I've been doing math.
See, I want to find out what distance the Firebolt will travel in the first 10 seconds if it can go from 0 - 150 mph (0 - about 67 m/s) in 10 seconds. After a lot of calculations, I figured since I don't have the form of the equation that the vt graph is in, I can't do it. *wail* I really want to know the answer! I tried v = a^t - 1 (where v is velocity in m/s, t is time in s, and a is a constant), but I couldn't integrate somenumber^t... I tried v = e^at - 1 (v is velocity, t is time, a is a constant), but I got distance = about 150m which I think is quite unreasonable because the Firebolt is supposed to be fast and 150m in 10 seconds = about 54km/h and that's not fast at all.
Okay okay I show working k:
Taking 1 mile = 1609 metres,
max. speed (if max. speed is 150 mph)
= (150 X 1609) m/h
= 241350 m/h
= (241350/3600) m/s
= 67.04 m/s (4sf)
IF velocity of Firebolt can be expressed as v = e^(ax + b) - 1,
[An exponential graph makes sense to show the way the Firebolt would fly, and I need -1 in the exponential equation because the graph should pass through the origin where t=0, v=0, or it won't make sense.]
When t=0, v=0,
0 = e^(a(0) + b) - 1
e^b = 1
b = 0
Therefore equation is now v = e^ax - 1
When t=10, v=67.04,
67.04 = e^(a(10)) - 1
e^10a = 68.04
10a = ln68.04
a = 0.4220 (4sf)
Therefore equation is now v = e^(0.4220(x)) - 1
So if I want to find distance, s, I integrate that equation.

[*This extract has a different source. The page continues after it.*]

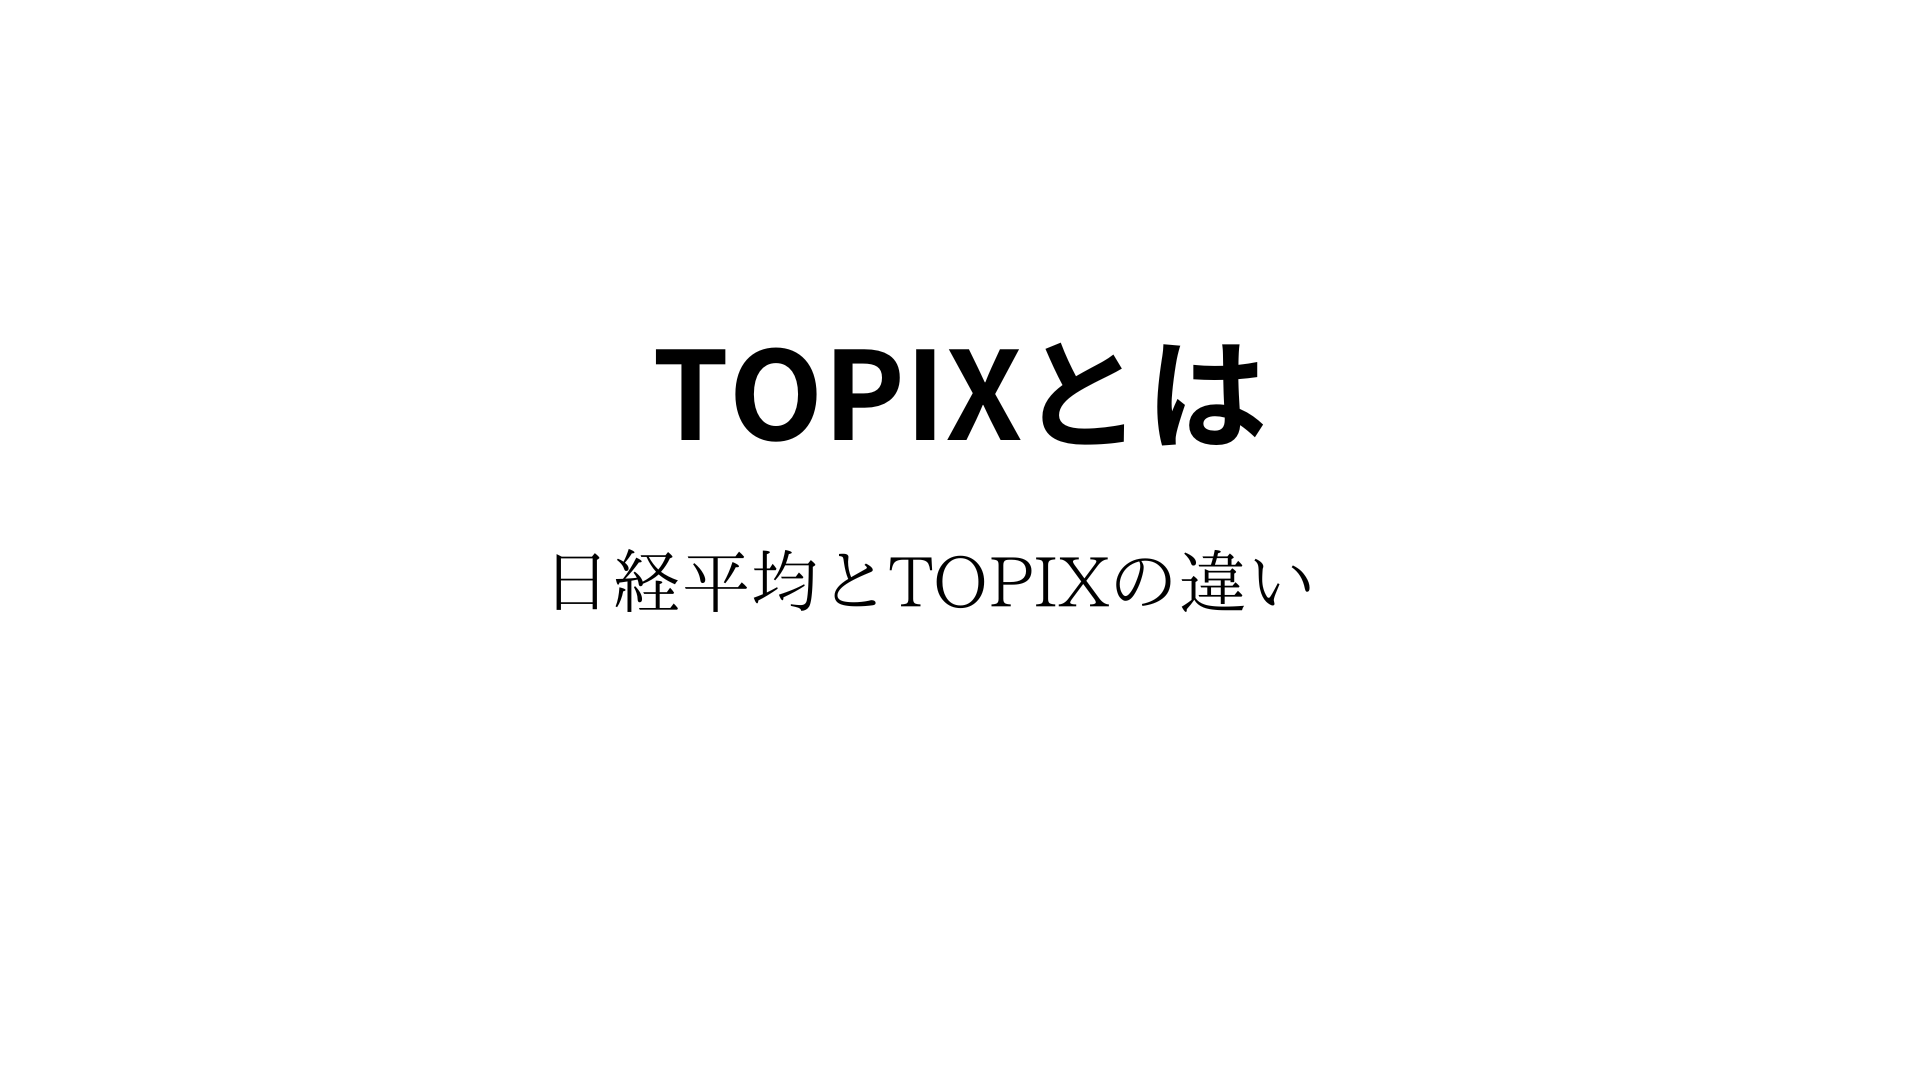 Topixとは こうせいの素人投資ブログ

[Let's make { the integration sign thing.]
s = { e^(0.4220(t)) - 1 dt
s = e^(0.4220(t))/0.4220 - t + c
When t=0, s=0,
0 = 1/0.4220 - 0 + c
c = - 1/0.4220
Therefore,
s = e^(0.4220(t))/0.4220 - t - 1/0.4220
When t=10,
s = e^(0.4220(10))/0.4220 - 10 - 1/0.4220
s = 14.8471192 m
Which doesn't look right. =(
Someone tell me what I'm doing wrong!